The first thing to do is to improve our competency at predicting the future in general. The organization I describe could evolve out of a hedge fund that learned to generate superior returns through long-term trading, for instance. The approach to picking stocks that Charlie Munger, Warren Buffet’s partner, describes in Poor Charlie’s Almanack sounds like the sort of thing that might work for predicting other aspects of how the future will unfold. Munger reads a ton of books and uses a broad variety of mental frameworks to try to understand the assets he evaluates (more of a fox than a hedgehog).
(Interesting to note that the Givewell founders are ex-employees of Bridgewater, one of the world’s top hedge funds.)
A meta-level approach to predictions: push for the legalization of prediction markets that would let us aggregate the views of many people and financially incentivize them to forecast accurately. Although there are likely problems with this approach, e.g. markets for unwanted events creating financial incentives for speculators to cause those unwanted events.

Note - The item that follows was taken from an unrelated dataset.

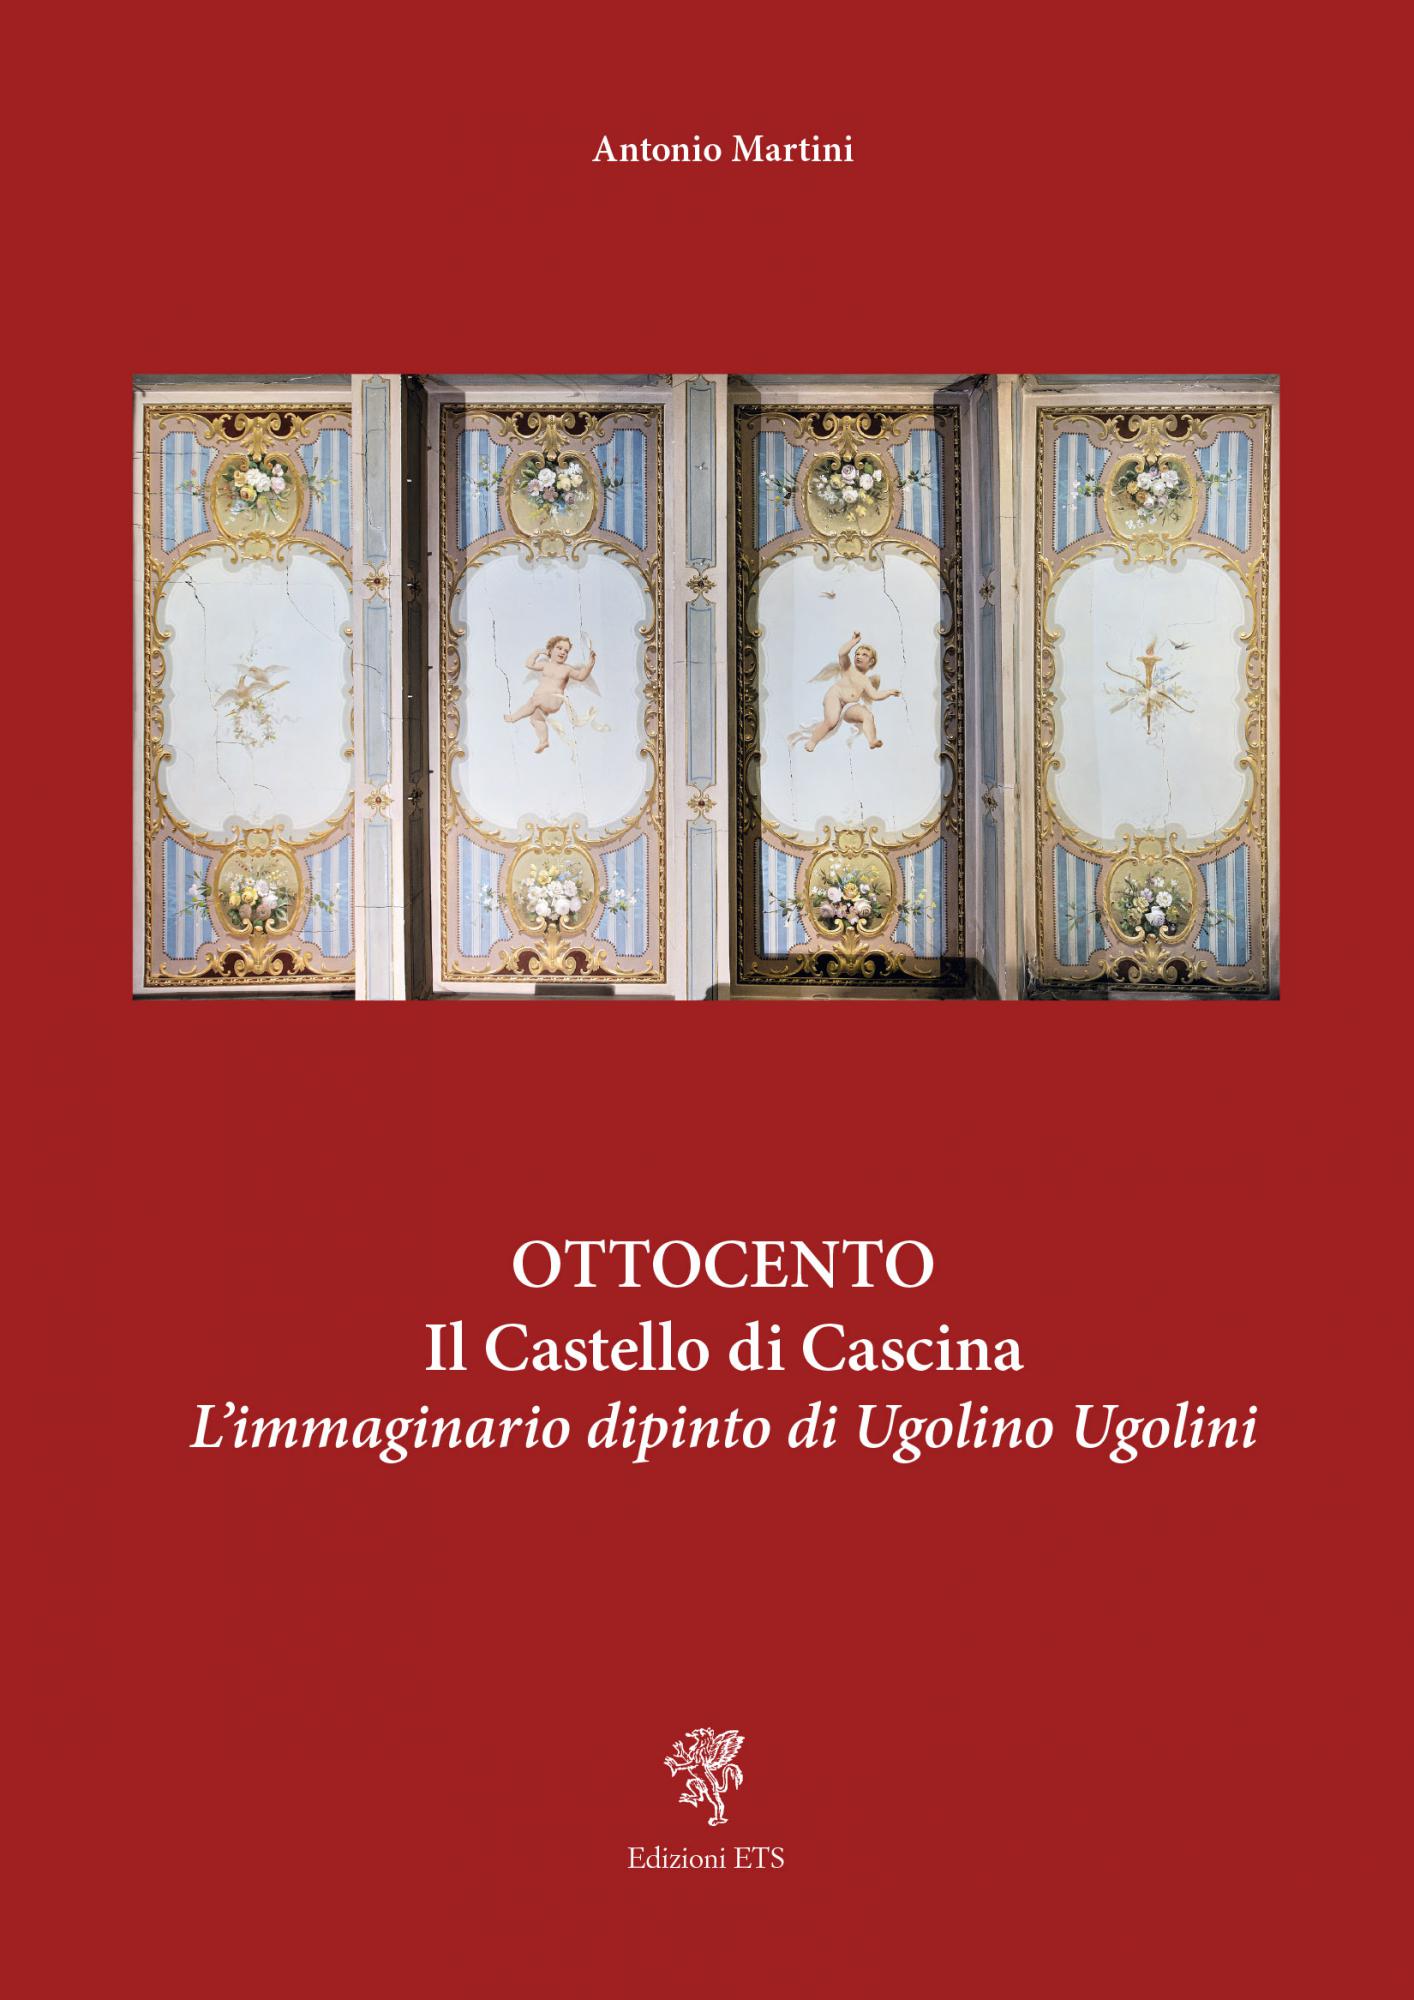 Ottocento<br />Il Castello di Cascina.L'immaginario dipinto di Ugolino Ugolini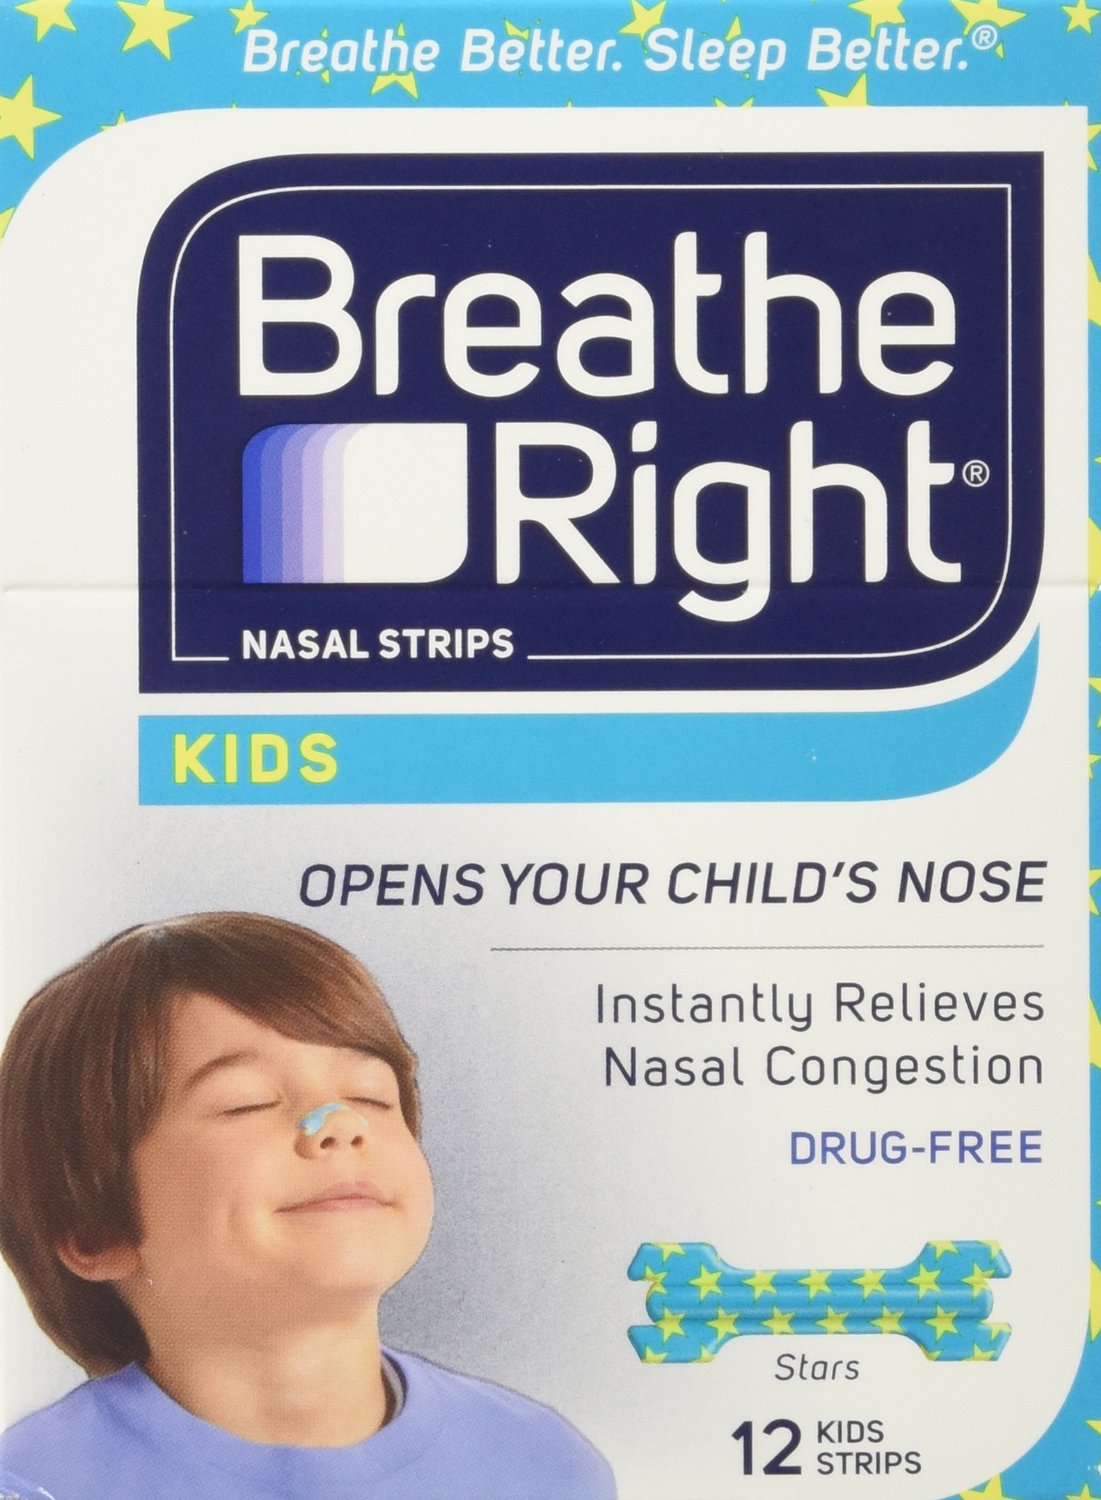 Beschreibung: Schnarchen bei Kindern – Atmen Sie richtig Zäpfchen.

When thinking about the far future, the best we may be able to do is identify specific key parameters that we think will have a positive impact on the future and then use experimental approaches with tight feedback loops to measure whether we are nudging those parameters in the right direction. For example, maybe we think a world with fewer belligerent people is one that’s more likely to survive existential threats. We write a bot that uses sentiment analysis to measure the level of belligerence in online discussion. We observe that the legalization of marijuana in a particular US state causes a noticeable drop in the level of belligerence of people talking online. We sponsor campaigns to legalize marijuana in other states and notice more drops. Etc. This isn’t a serious suggestion; legalizing marijuana in the US makes other countries like Iran and Russia even more belligerent by comparison; it’s just an illustration.
(Cast in these terms, MIRI is valuable if “a taller stack of quality AI safety papers leads to a world that’s more likely to survive AGI threats”.)
But maybe we think that even the truth value of a statement like “a world with fewer belligerent people is more likely to survive existential threats” is essentially a coin toss once you look far enough out. In that case, the best we can do might be to try to attain wealth and positions of power as a movement, while improving our prediction capabilities so they are at least a little better than everyone else’s. Maybe we’d be able to see Bad Stuff on the horizon before others were paying much attention and direct resources to avert it.
It might also be wise to develop a core competency in “averting disasters on the horizon”, whatever that might look like… e.g. practice actually nudging society to see which strategies work effectively. The broad ability to nudge society is one that can be developed through experiment and tight feedback loops, and could be effective for lots of different things.
Related: Robin Hanson and Charles Twardy AMA on the SciCast tech forecasting project. Some correlates of forecasting success.
I’ve never understood this argument. There has always been a latent incentive to off CEOs or destroy infrastructure and trade on the resulting stock price swings. In practice this is very difficult to pull off. Prediction markets would be under more scrutiny and thus harder to game in this manner.
To take a step back, this objection is yet another example of one that gets trotted out against prediction markets all the time but which has been addressed in the white papers on the topic.